This typically looks like the following.

multiSVD_obj <- tiltedCCA::form_metacells(input_obj = multiSVD_obj,
                                          large_clustering_1 = clustering_1, 
                                          large_clustering_2 = clustering_2,
                                          num_metacells = NULL)

The updated multiSVD object will now have an additional element: metacell_obj.

Step 3 (Creating shared nearest neighbor (SNN) graphs, compute_snns): We compute the SNN graphs for both modalities and the target common manifold (computed based on both modality’s SNN graph). These graphs dictate how Tilted-CCA represents the information in each modality, and each node of the graph represents a cell/meta-cell. Here, the additional parameters dictate the specific details on how these graphs are constructed. The two important parameters latent_k (i.e., the dimensionality of the graph Laplacian eigenbases, which is used when optimizing the tilt) and num_neigh (i.e., the number of neighbors for each cell in either modality).

This typically looks like the following.

multiSVD_obj <- tiltedCCA::compute_snns(input_obj = multiSVD_obj,
                                        latent_k = 2,
                                        num_neigh = 10,
                                        bool_cosine = T,
                                        bool_intersect = T,
                                        min_deg = 1)

The updated multiSVD object will now have additional elements: snn_list and laplacian_list.

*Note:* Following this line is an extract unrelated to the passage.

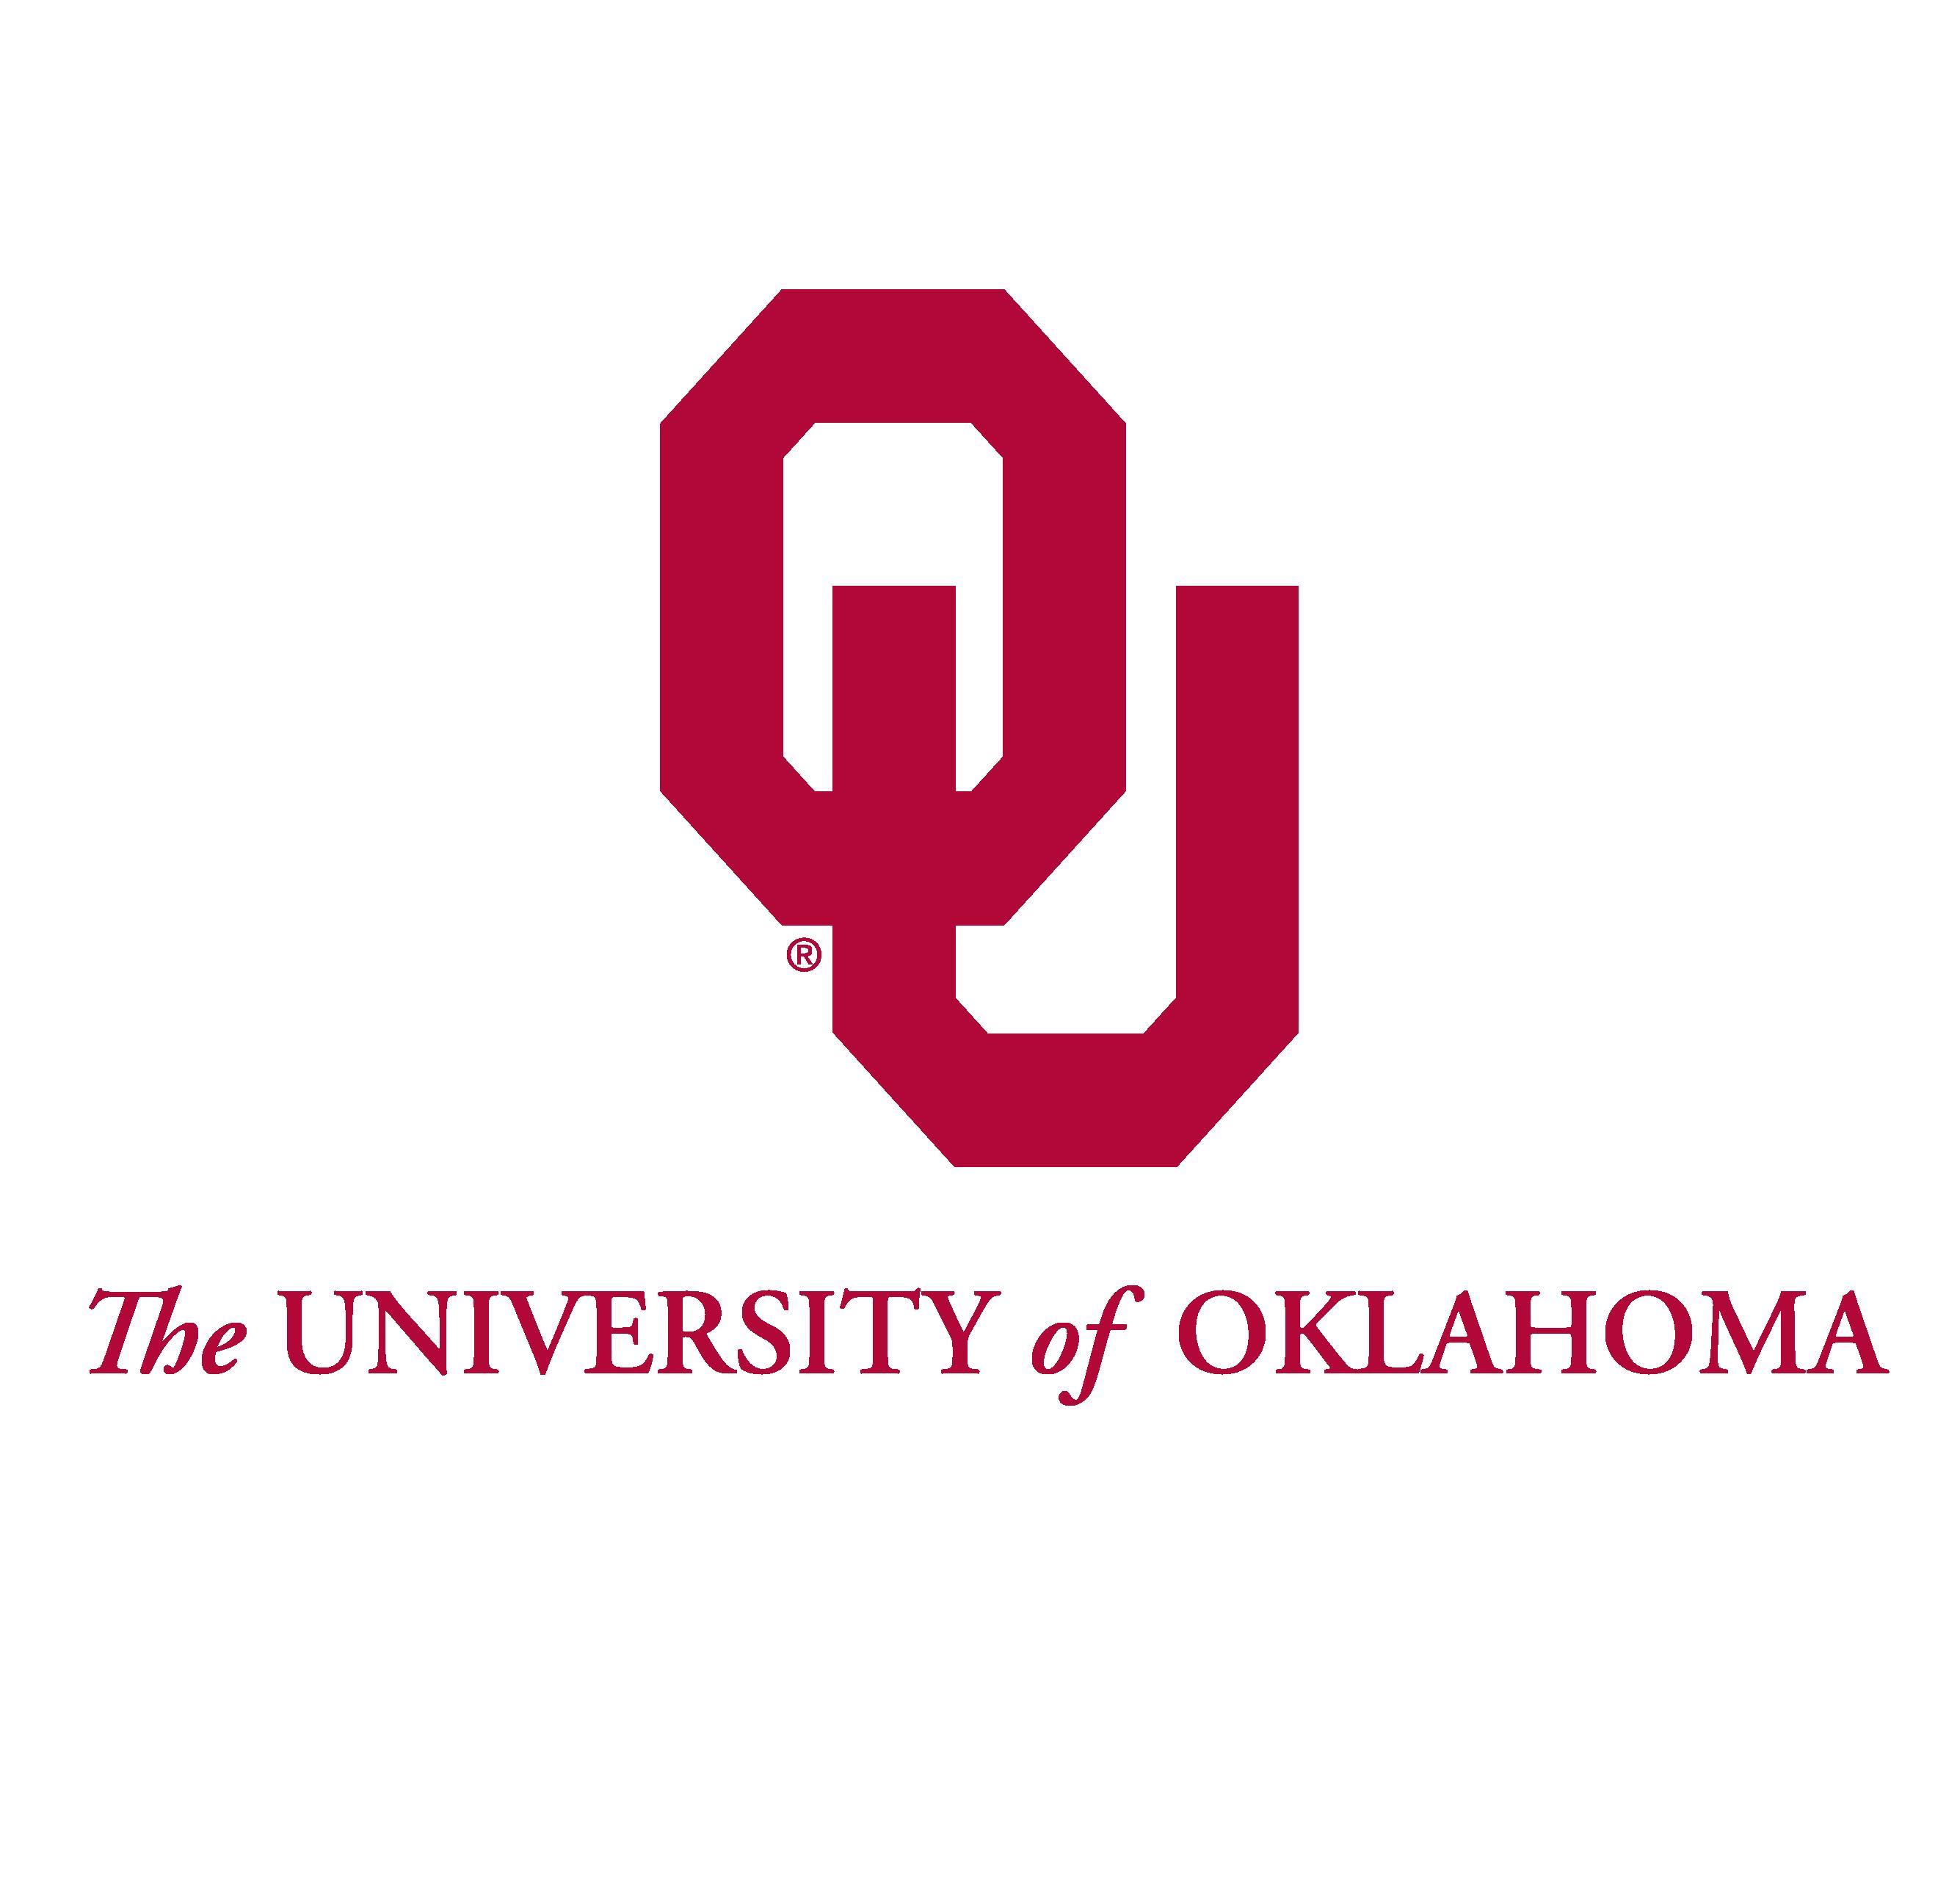 CS - The University of Oklahoma

Step 4 (Initializing Tilted-CCA, tiltedCCA): We compute the CCA between both modalities and initialize the tilt across all latent dimensions to a particular value. Recall that CCA’s solution can be directly computed using the PC’s from each modality. If there are different number of latent dimensions for each modality, Tilted-CCA will have a latent dimensionality (i.e., via CCA) equal to the smaller of the two.

multiSVD_obj <- tiltedCCA::tiltedCCA(input_obj = multiSVD_obj)

The updated multiSVD object will now have additional elements: cca_obj and tcca_obj.

Step 5 (Tuning the tilt across each latent dimension, fine_tuning): We tune the tilt across each latent dimension. This is the main computational bottleneck of Tilted-CCA, as an optimization is performed cyclically (i.e., the tilt for each latent dimension is updated in sequence, with a few epochs cycling through all latent dimensions).

multiSVD_obj <- tiltedCCA::fine_tuning(input_obj = multiSVD_obj)

There is no new obvious element added to multiSVD, but the representation of the common and distinct embeddings is updated upon this function’s completion. For example, multiSVD_obj$tcca_obj$tilt_perc now is a vector, denoting the tilt of the common vector for each latent dimension.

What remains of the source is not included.